Effects of CO2-brine-rock interaction on porosity/permeability and mechanical properties during supercritical-CO2 fracturing in shale reservoirs

A series of static soaking experiments, combined with the bulk-rock X-ray diffraction and scanning electron microscopy analyses, was conducted to investigate the influences of supercritical CO2 fracturing on the physical-chemical properties of shales. CO2-brine-rock reactions under different conditions, which result in the changes of porosity/permeability and mechanical properties, were investigated in detail. CO2-brine-rock reaction was confirmed to occur rapidly (maybe less than 0.5 h) during supercritical-CO2 fracturing in shale reservoir with high temperature and pressure.

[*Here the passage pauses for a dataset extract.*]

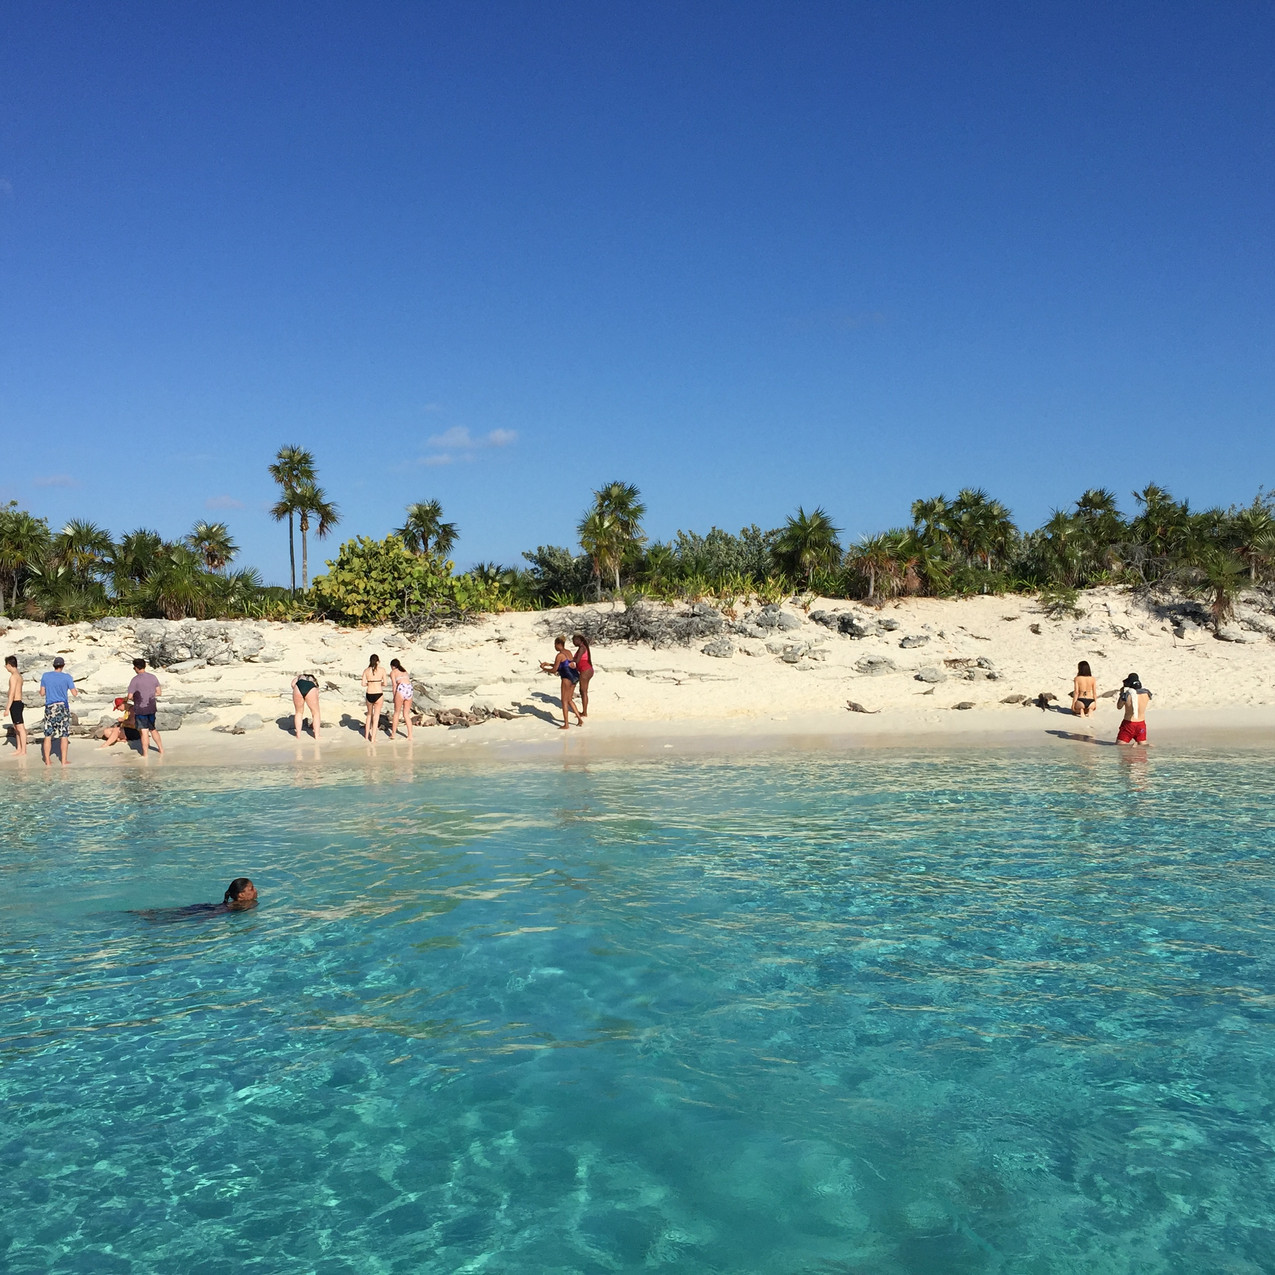 Bahamas, Exuma, Allen Cay

Minerals, such as calcite, dolomite, K-feldspar, and albite, were variably dissolved after the soaking of CO2-saturated brine. Mineral composition, reaction time, temperature, pressure, porosity, and permeability evidently influenced rock reactivity. Stronger reaction likely occurs in carbonate-rich shales of relatively high porosity and permeability. Mineral dissolutions resulted in numerous large etched pores, which eventually caused the significant increase in porosity and permeability (up to one order of magnitude), and decline in tensile strength (up to 71.3%) and surface friction coefficient (9.8%). Calcite-filled natural fracture can be corroded more deeply than the matrix, which has the potential to affect the growth behavior of supercritical-CO2-induced fracture when it intersects with the natural fracture.